• _Supplied information_:
·····

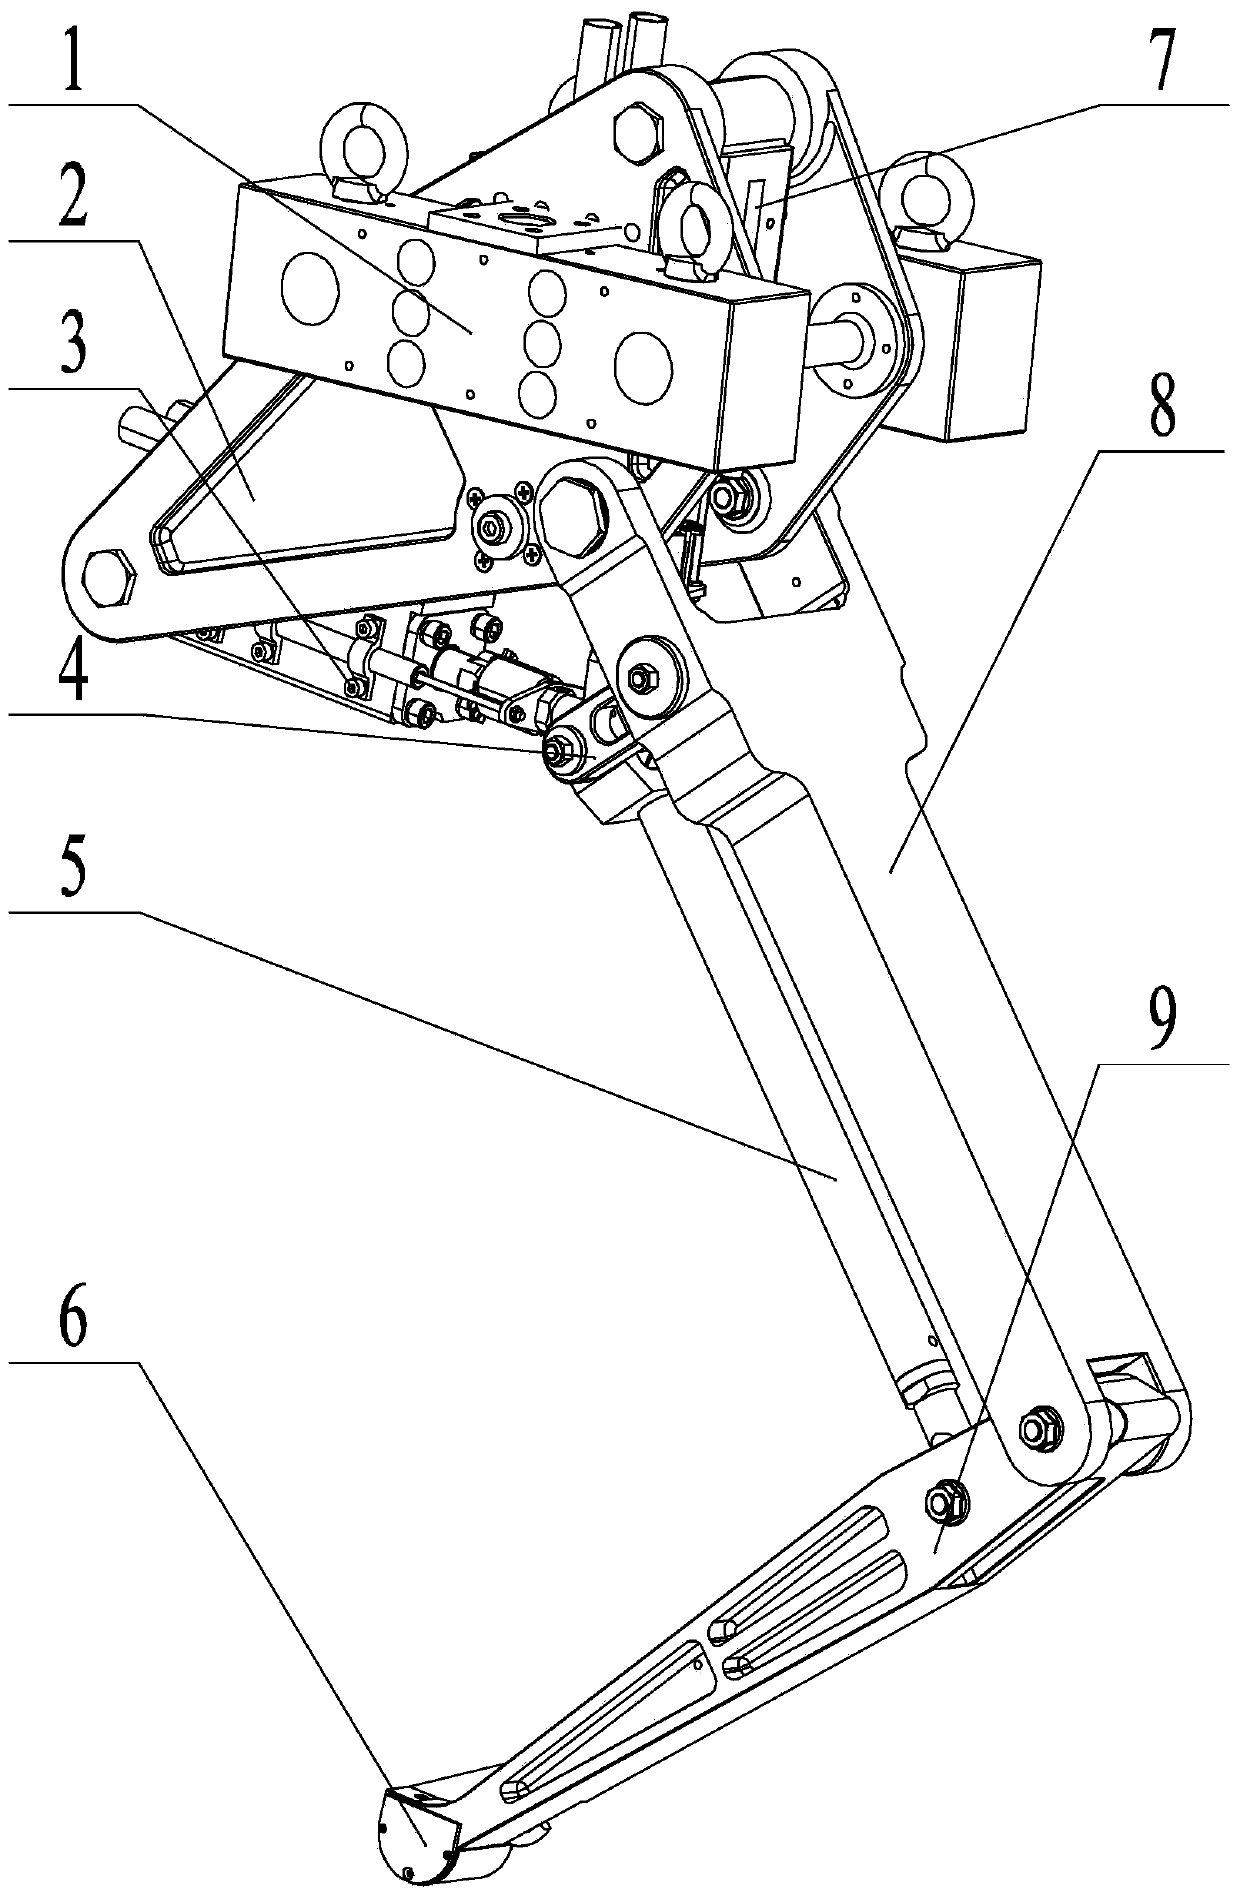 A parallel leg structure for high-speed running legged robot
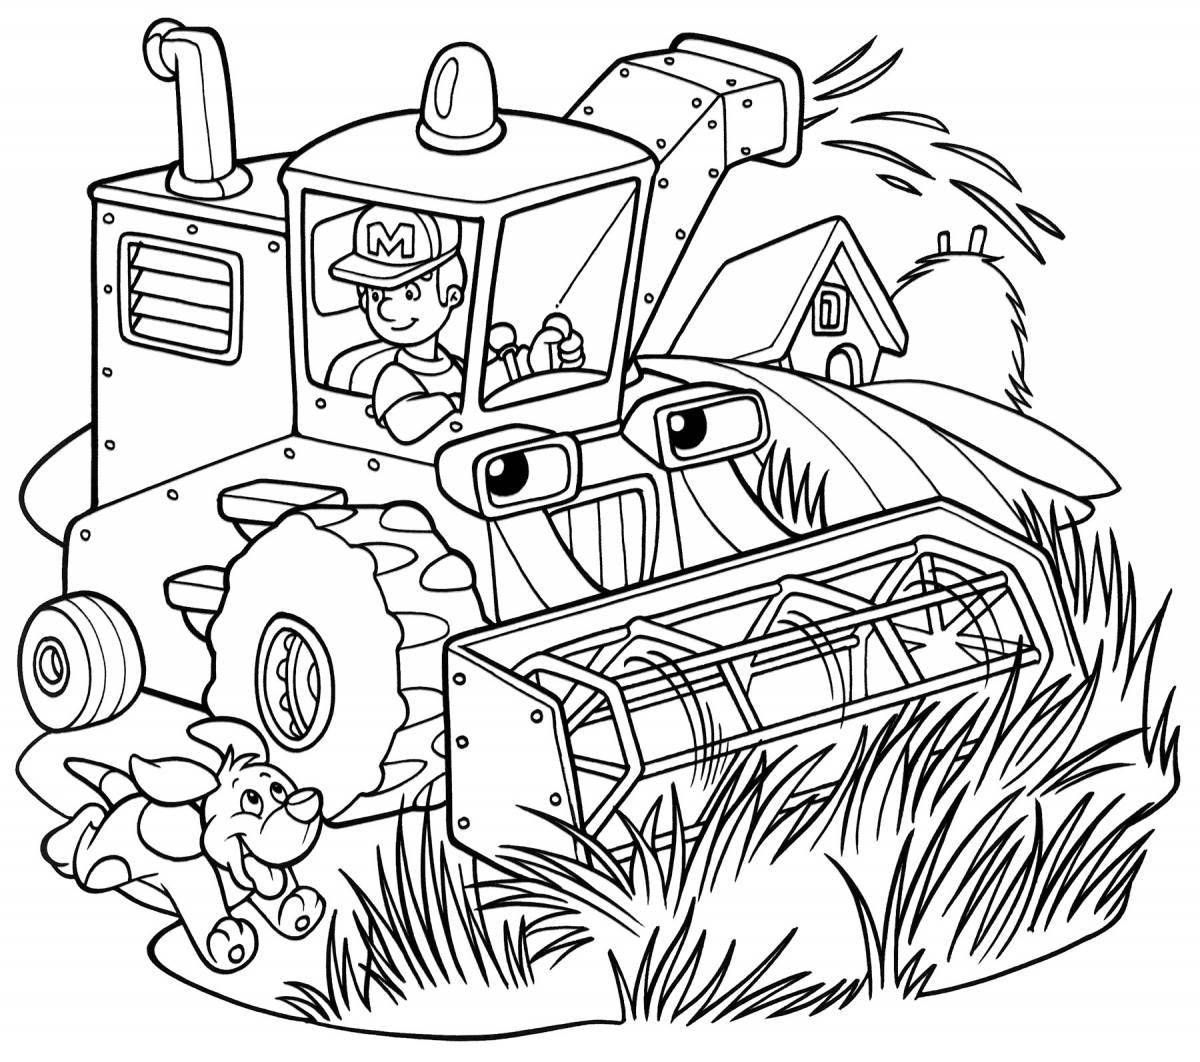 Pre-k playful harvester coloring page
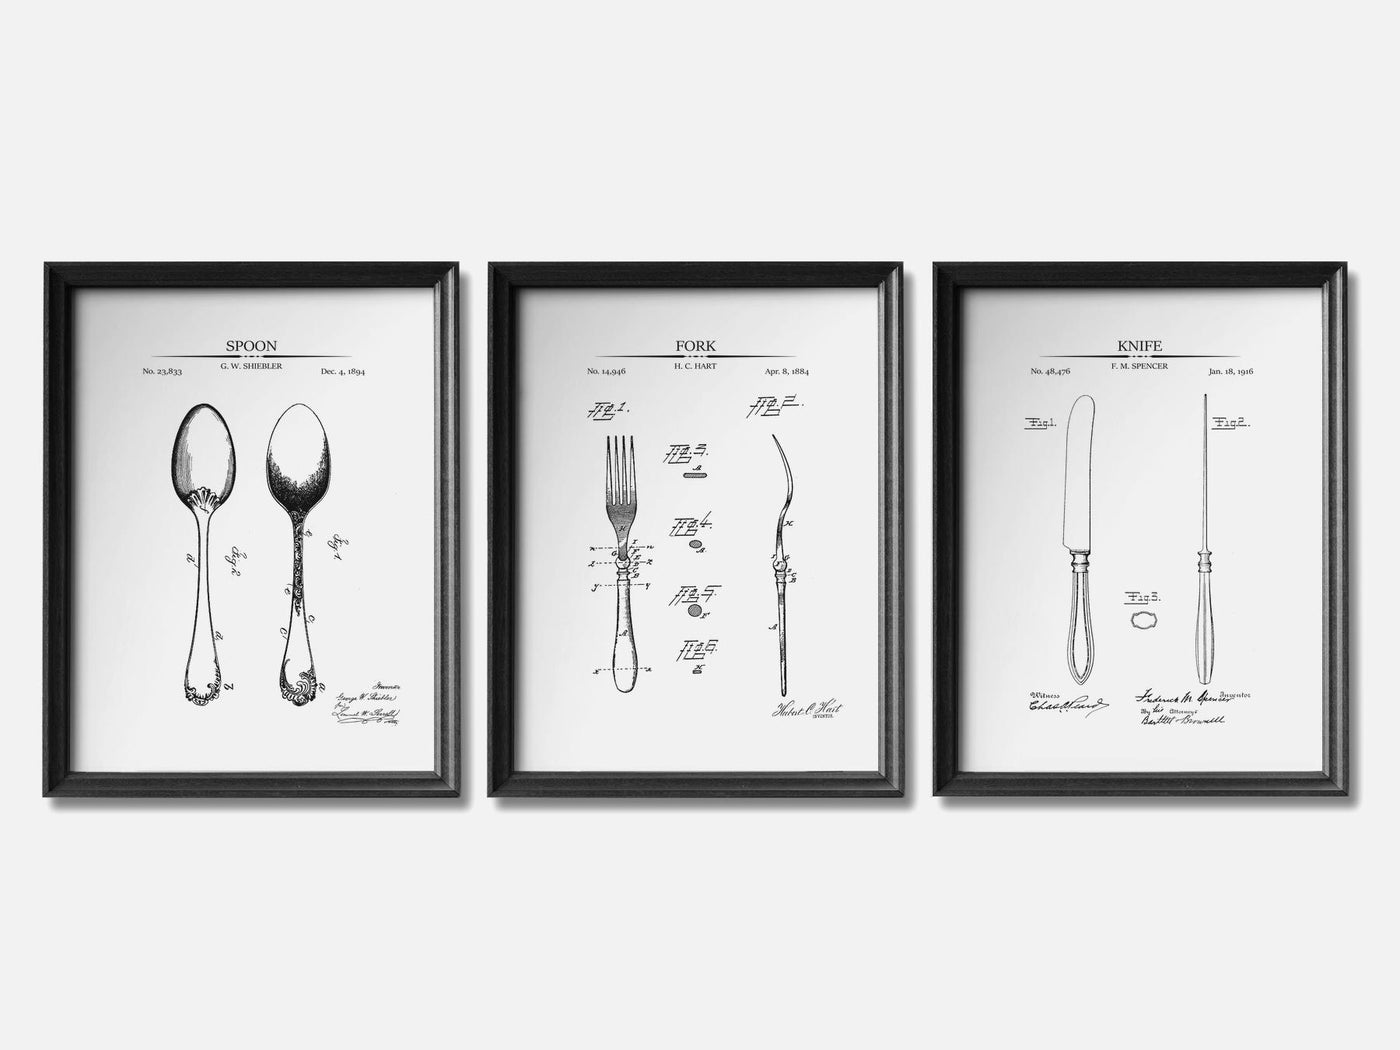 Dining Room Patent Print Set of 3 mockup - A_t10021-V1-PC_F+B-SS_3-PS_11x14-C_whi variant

·····

• _What needs to be done_: Once the images are set aside, retype all of the material above exactly.

• _Response_:
 A parallel leg structure for high-speed running legged robot
 Pre-k playful harvester coloring page
 Dining Room Patent Print Set of 3 mockup - A_t10021-V1-PC_F+B-SS_3-PS_11x14-C_whi variant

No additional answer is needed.